Abstract

Dialectology is more central to the study of Mfiddle] Efnglish] than to any other branch of English historical linguistics. Strang (1970: 225) Dialect method and the study of Middle English Introduction The most striking fact about Middle English is that it exhibits by far the greatest diversity in written language of any period before or since. Before 1100 – in the Old English period – extant written sources for the study of variation are rather sparse, and much of the Late Old English literary output is in a relatively invariant West Saxon literary language. Similarly, close to the end of the Middle English period (in the fifteenth century), we witness the rise and subsequent spread of a relatively uniform written variety – the beginnings of ‘standard English’. From that century onward, the vast bulk of printed documents is in this variety, regardless of the geographical provenance of the author: documents do not readily betray their region of origin, and the dialectal diversity that continued to exist in speech is suppressed in writing. For this reason, much of our knowledge of Early Modern English variation depends much more on indirect evidence, such as contemporary commentaries on pronunciation (on which see especially Dobson 1968), and much less on variable forms attested in the texts themselves. For written Middle English, on the other hand, our access to variation is direct, and it is this primary source that we use to reconstruct the diversity of spoken Middle English.
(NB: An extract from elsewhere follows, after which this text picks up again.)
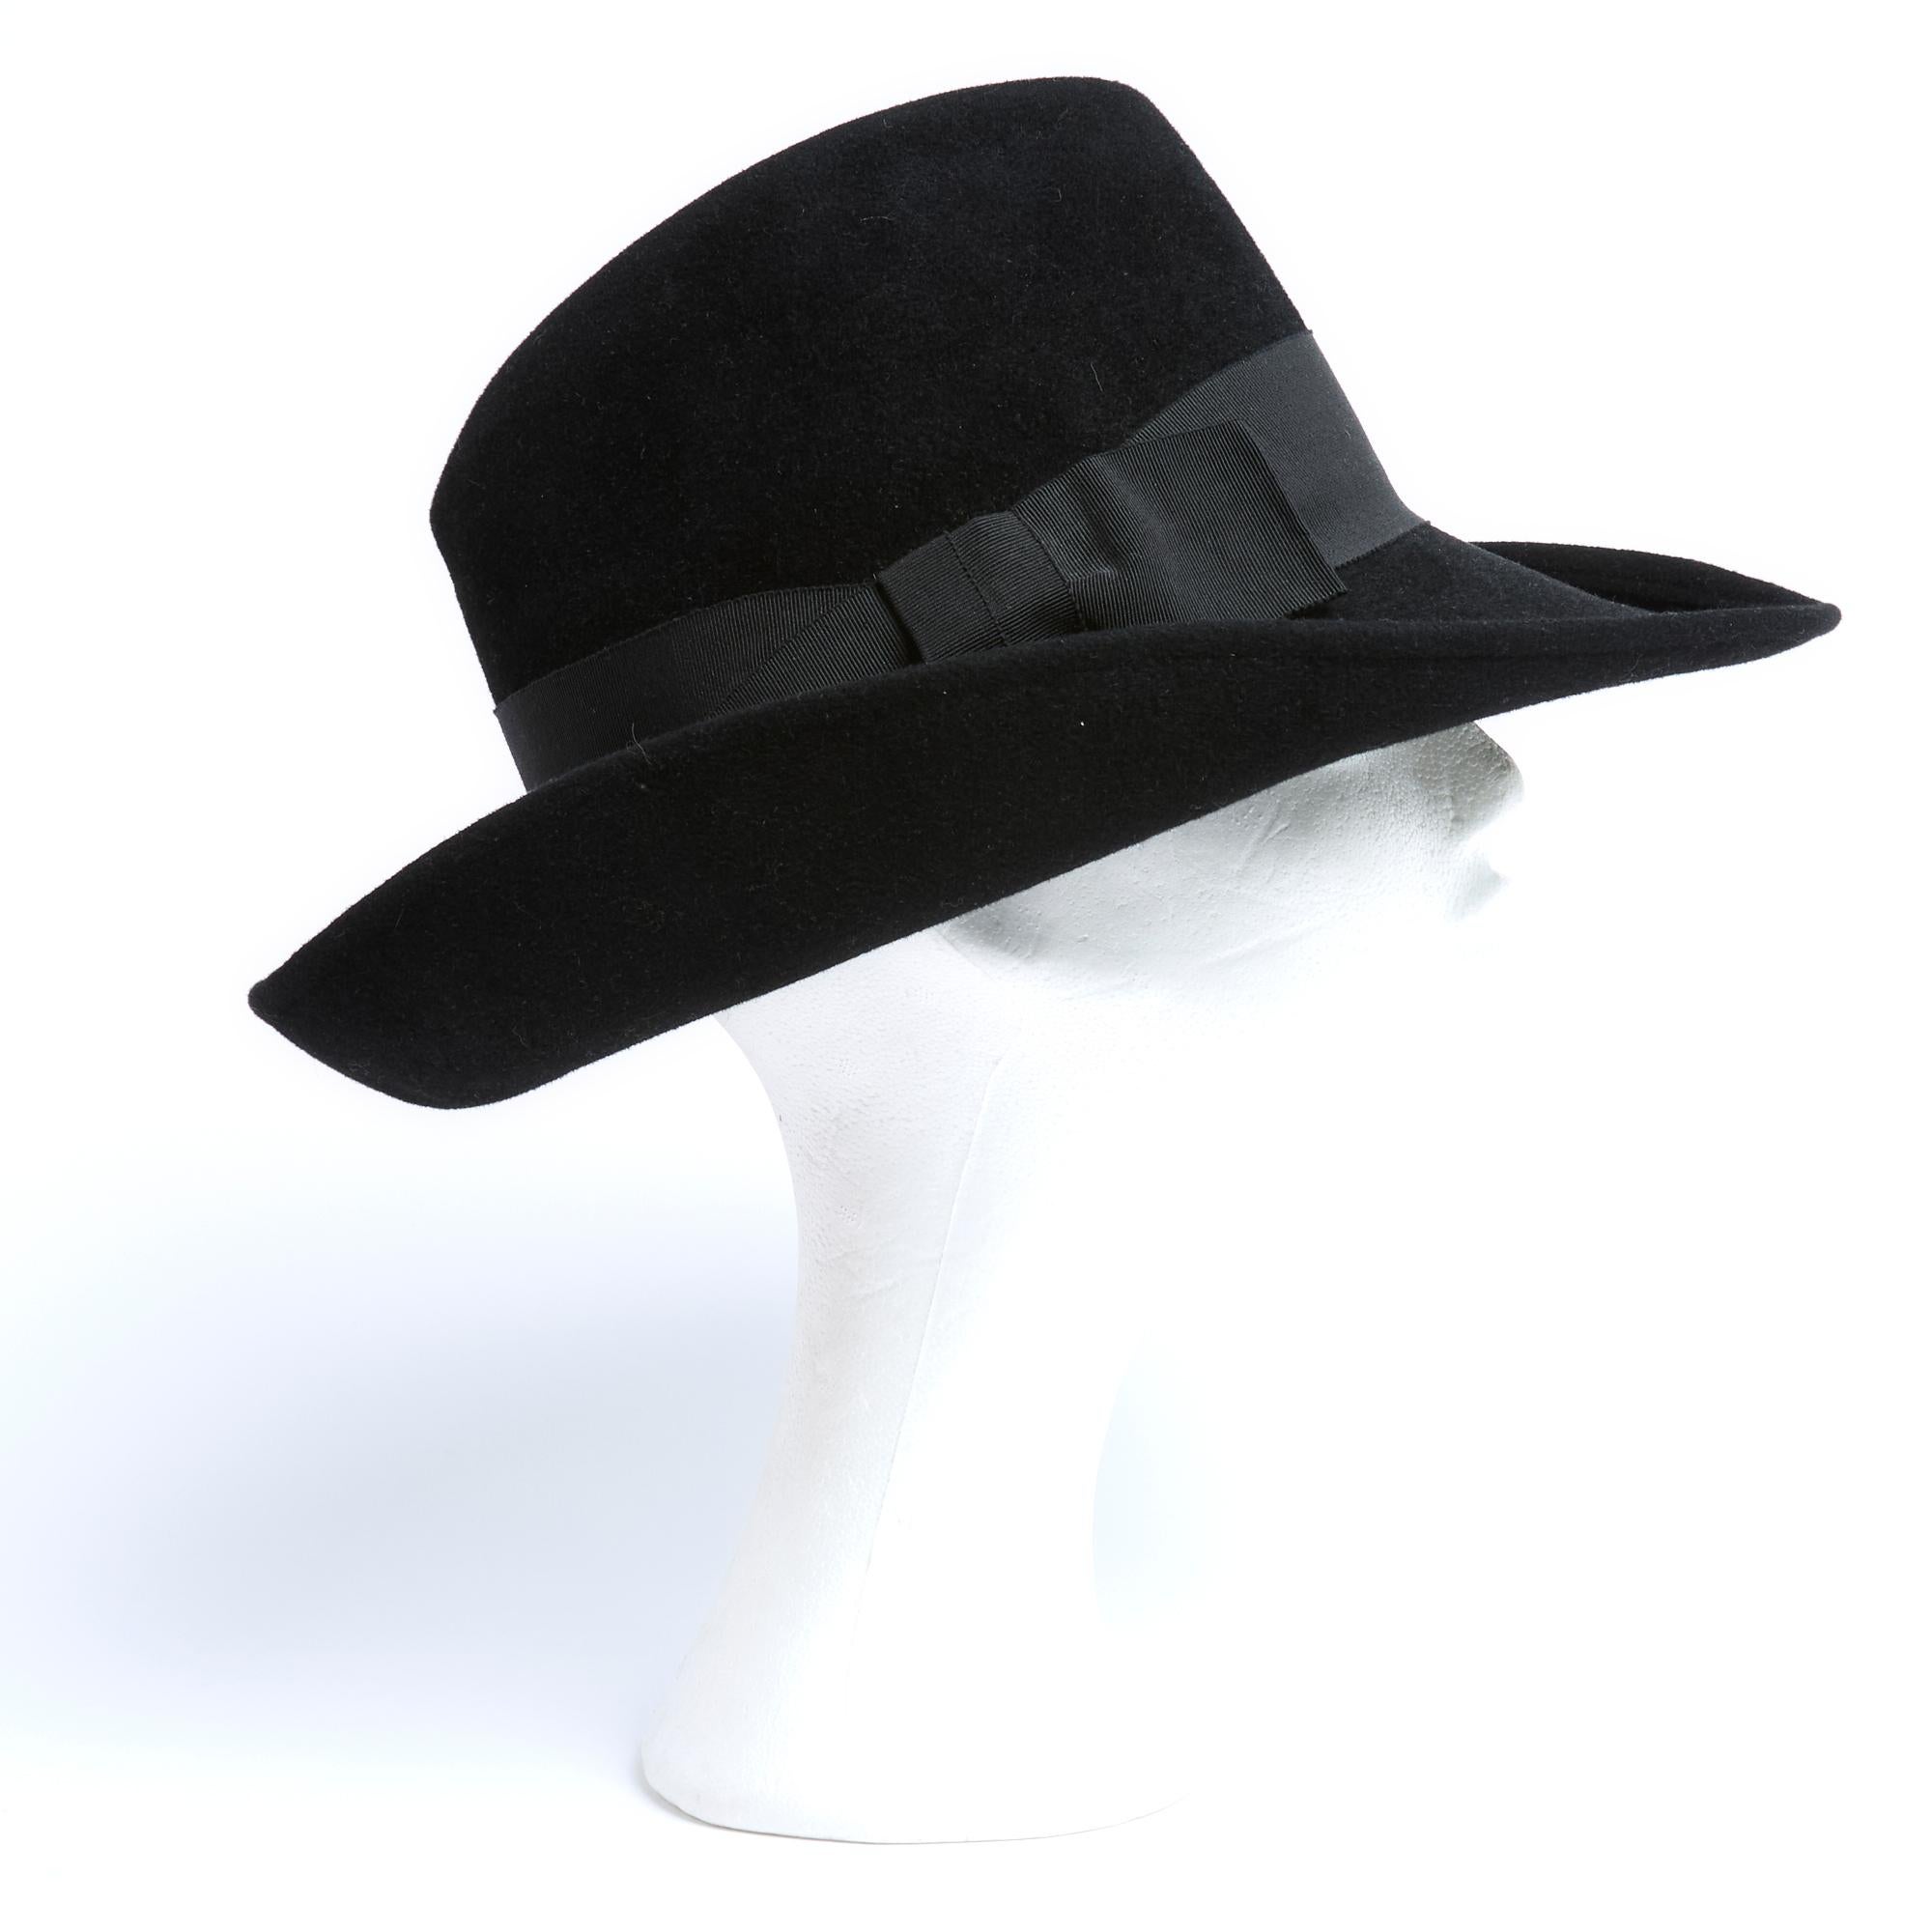 Marie Mercié übergroßer, leicht asymmetrischer Hut im Fedora-Stil aus schwarzem Wollfilz mit breiter Krempe, Band und Schleife aus koordinierter Ripsbandborte. Kein Größenetikett, aber die Beschläge deuten auf L oder einen Kopfumfang von 58 cm hin.

Variability in written Middle English is very wide-ranging at every linguistic level: spelling, morphology, syntax and lexicon. There are also several non-linguistic dimensions in which this variation can be observed. Of these, the geographical and chronological dimensions are most immediately obvious: texts from different areas are different, and later texts differ very markedly from earlier ones (for some examples see Lass in this volume).